While software is automatically afforded copyright protection at the time of creation without the need for any special procedures, copyright protection protects the specific expression of an idea, not simply the idea itself. This can be problematic as no protection is available via copyright with regard to imitation software where the same idea may be expressed in a different way. 

There is currently no means to protect software resulting from a developer’s original idea in a manner equivalent to patent protection. Though there have been continued attempts to amend patent law to include protection for software per se, such attempts have failed due to concerns raised by private groups that doing so would excessively expand the range of infringing articles and lead to the shrinking of related industries.  

Current Practice

According to current examination guidelines, protection is available for software only when embodied in a “tangible medium”, with no adequate protection available for software distributed online — a situation out of sorts with the reality of the modern world where the distribution of software increasingly revolves around online channels. 

Protection for software is available via process patents by specifying a series of processing steps. However, Article 2 of the current Patent Act distinguishes between acts of practicing process and product inventions as follows: 

Product: Manufacturing, using, assigning, leasing, or importing the product or offering to assign or lease the product (including displaying the product for the purpose of assigning or lease; hereinafter the same shall apply) 

Process: Using the process 

As a result, if software infringing a process patent (by way of example, a method of adjusting audio volume automatically in relation to vehicle speed) were to be distributed online for the purpose of sale, this would not be regarded as infringement of the patent.
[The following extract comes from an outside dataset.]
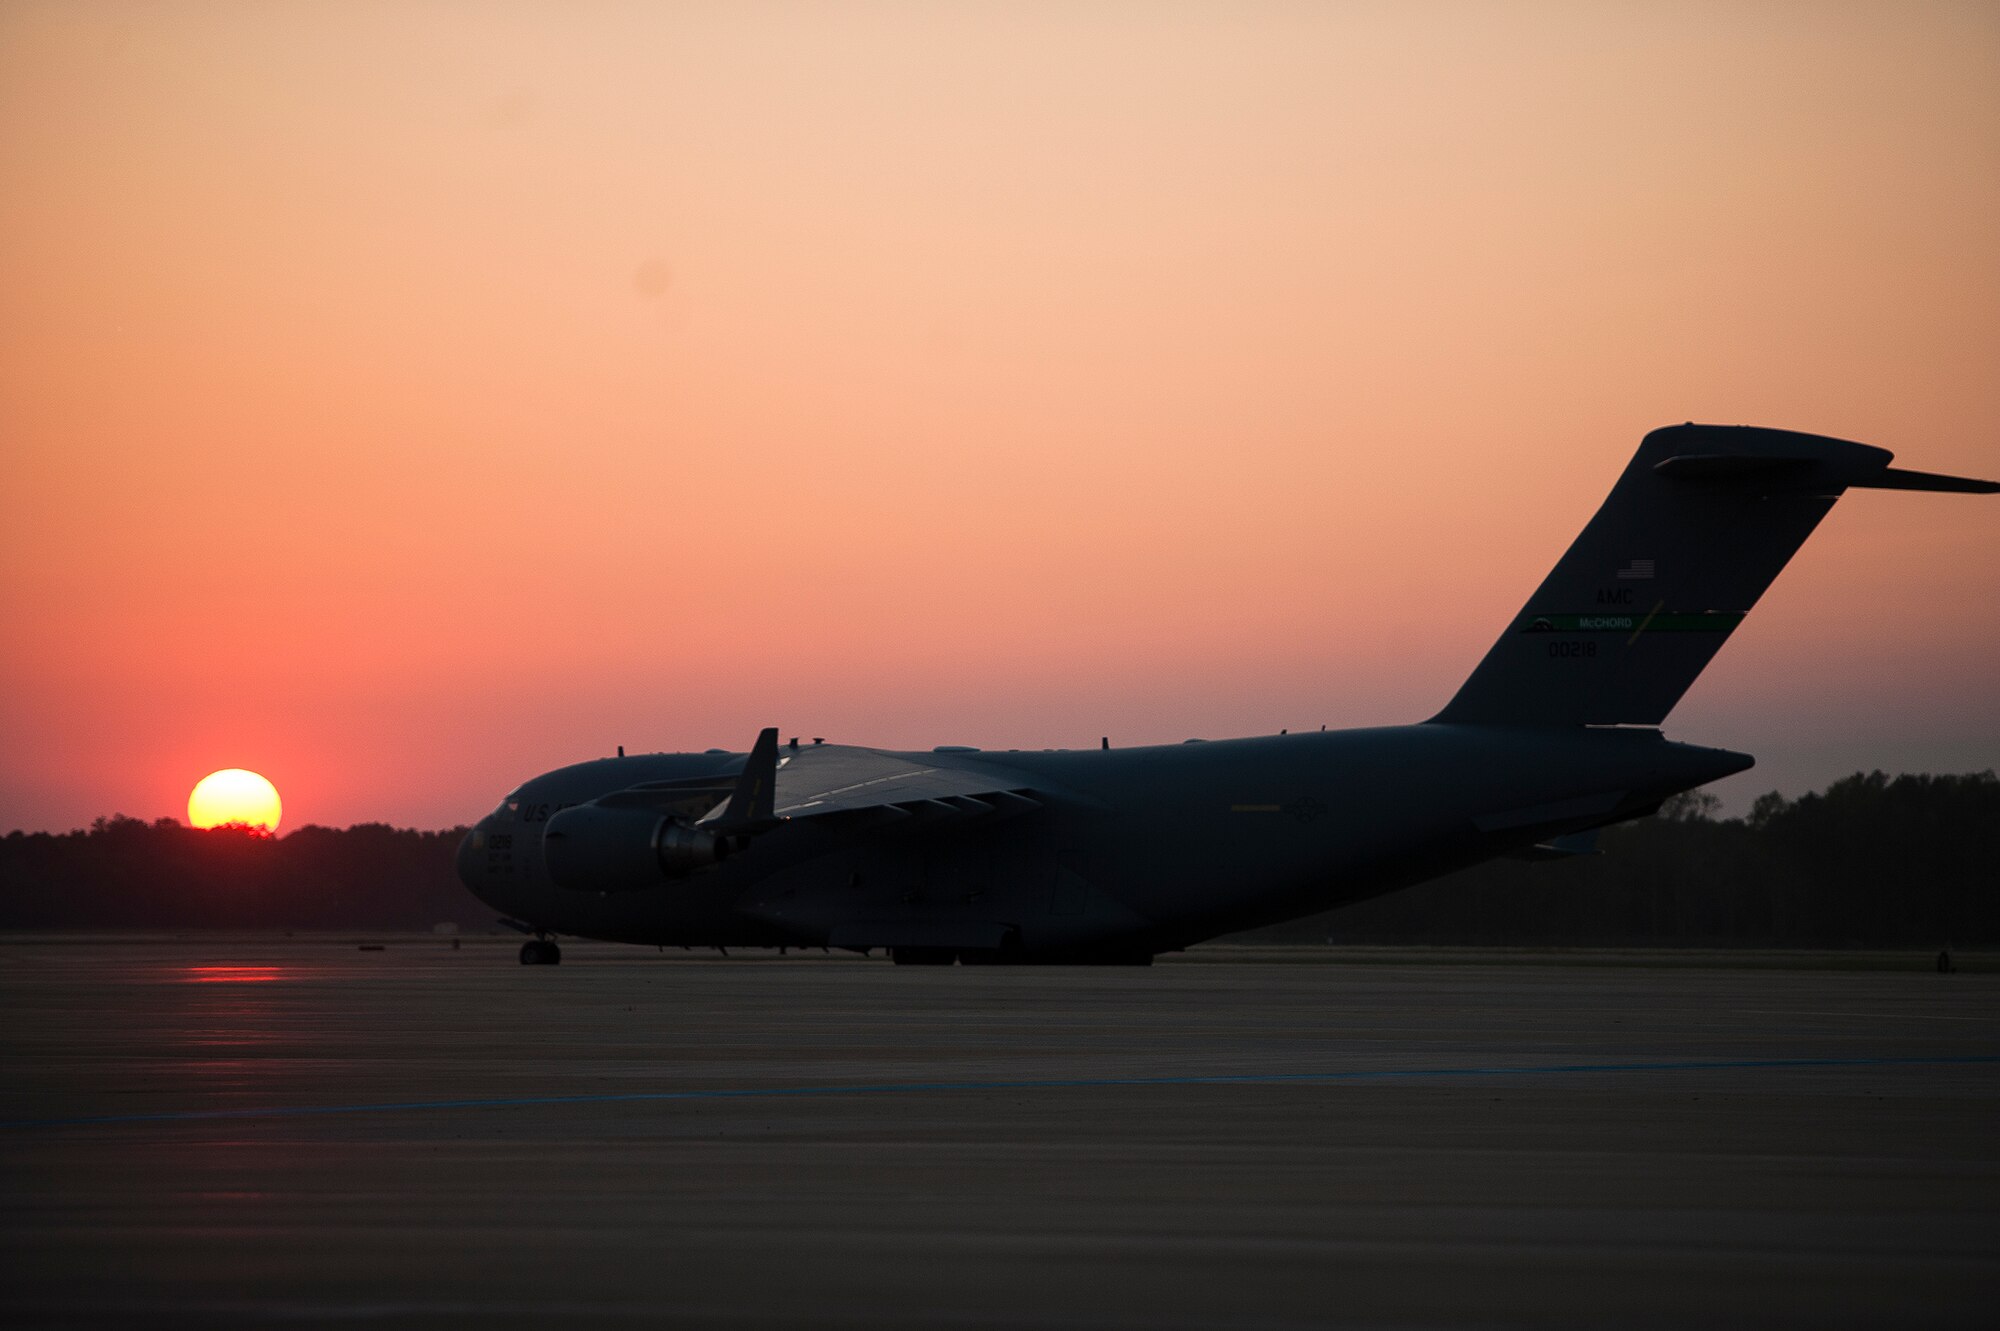 A C-17 Globemaster taxis Aug. 18, 2013, at Alexandria International Airport, La. The aircraft was participating in a personnel drop of 681 U.S. Army paratroopers during Joint Operational Access Exercise 13-0X. (U.S. Air Force photo by Staff Sgt. Russ Scalf)

The reason for this is because the act of distributing software online for the purpose of sale is not itself regarded as practicing the patented method (i.e. using the method of adjusting audio volume automatically in relation to vehicle speed). 


According to an amendment passed on December 10, 2019 and due to come into effect from March 11, 2020 (Law No. 16804), the above-mentioned Article 2 of the Patent Act will be amended to bring the act of “offering the use of the process” within the definition of practicing an invention, in addition to the current “using the process”. This will mean that acts of selling patent-infringing software online, etc. will be regarded as practicing a patented invention. 
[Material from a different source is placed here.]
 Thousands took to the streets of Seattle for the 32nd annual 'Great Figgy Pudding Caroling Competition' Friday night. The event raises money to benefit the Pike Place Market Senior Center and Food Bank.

Nonetheless, online transmission of patent-containing software will not be deemed patent-infringing in all cases as the amendment contains a requirement that the offering of use of a patented process be intentional (specifically, offered in the knowledge that use of the method would infringe patent rights) in order for patent rights to be effective against the would-be offender.  

This limits offenders to sellers who illegally distribute software knowing that patent rights are being infringed. Accordingly, as infringement is not acknowledged if the seller is unaware of the infringement, it will be necessary for patent right-holders to first deliver warnings (cease-and-desist) to sellers illegally distributing software which infringes their patent.


Following the amendment, adequate protection will be available not only against offline sales of patent-infringing software, but also online sales of the same. Offline sales of patent-infringing software may be protected against via patent claims relating to software embodied in a tangible medium (product claims), while online sales may be protected against via patent claims relating to a series of processing steps (process claims).